Chuck Tetlow chuck at tetlow.net
Wed Jul 15 18:47:43 -05 2009


Thanks Michael,

> Unless the DNS for that site doesn't point to your server and the traffic is 
> going to another box somewhere else. 
> 
> But that's easy to check: Do an "nslookup www.domain.com" from your end (your 
> PC, not the server) and see if it matches the IP that the site has on your 
> server. 
> 
> -- 
> With best regards 
> 
> Michael Stauber

Your idea spurred a thought. 

I knew it wasn't DNS - I control that too.  But it turns out that this company I'm supporting has a new guy in house.  He fancies himself a Cisco person too.  And he somehow got access to the main router.  He made a mistake - and reloaded the router to get rid of the problem.  I hadn't noticed the reload in the router logs today - and didn't know that it had reloaded.  The routing for this site was changed a few days ago, was not saved to permanent memory, and the reload changed the routing for this site back to the old server.
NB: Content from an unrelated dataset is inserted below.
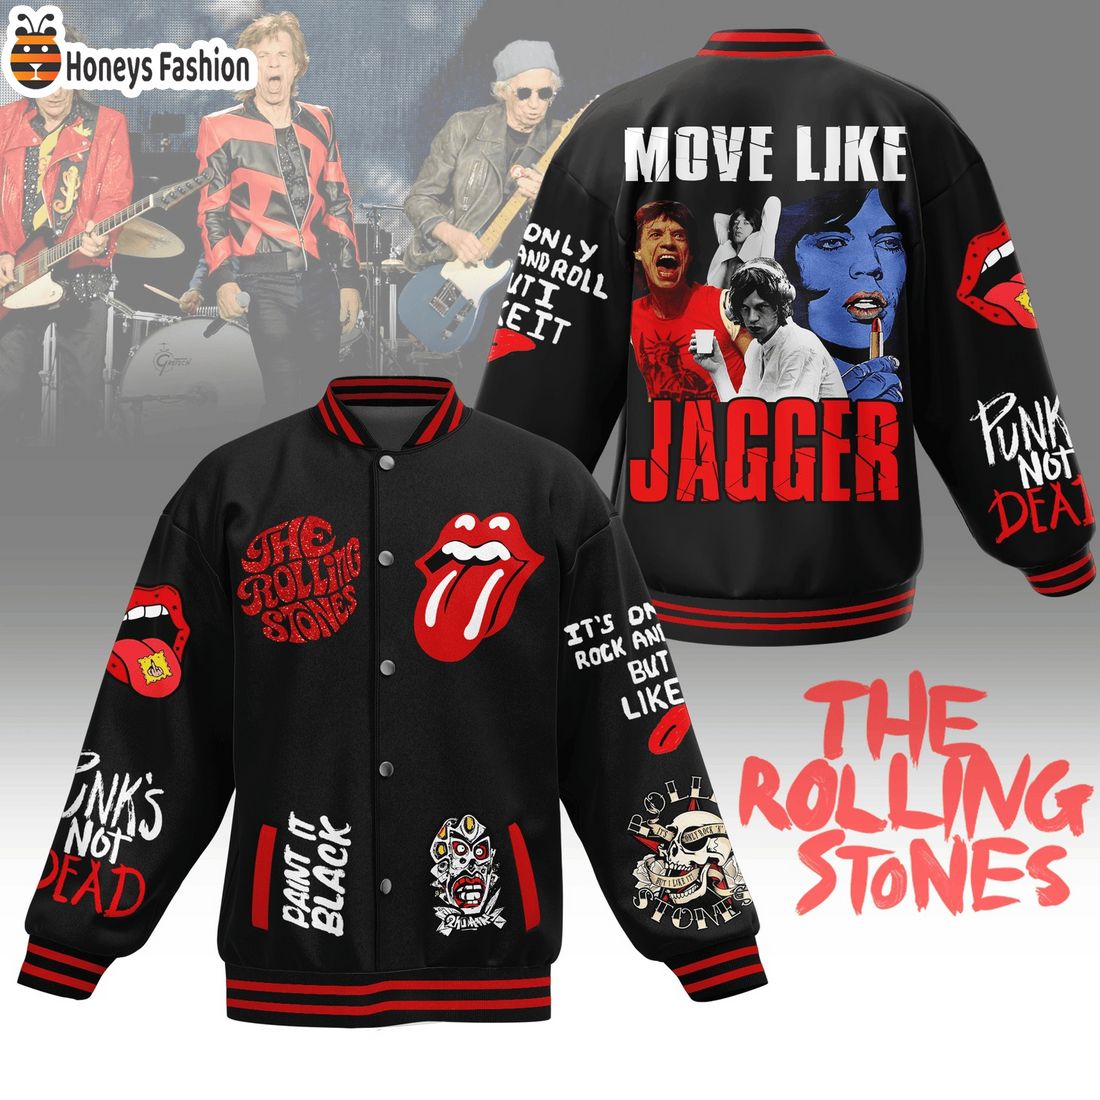 The Rolling Stones paint it black baseball jacket

Now, I've got go into the router and put back the temp changes I had in the configuration.  And change all the router passwords so this idiot doesn't gain access again. 

And if the company owner doesn't like it - he can find a new Cisco/Linux support engineer.  I'm not going to waste another entire afternoon chasing what appears to be a logging problem when the traffic was going to a different server.

Thanks for the suggestion.  It helped me find the problem.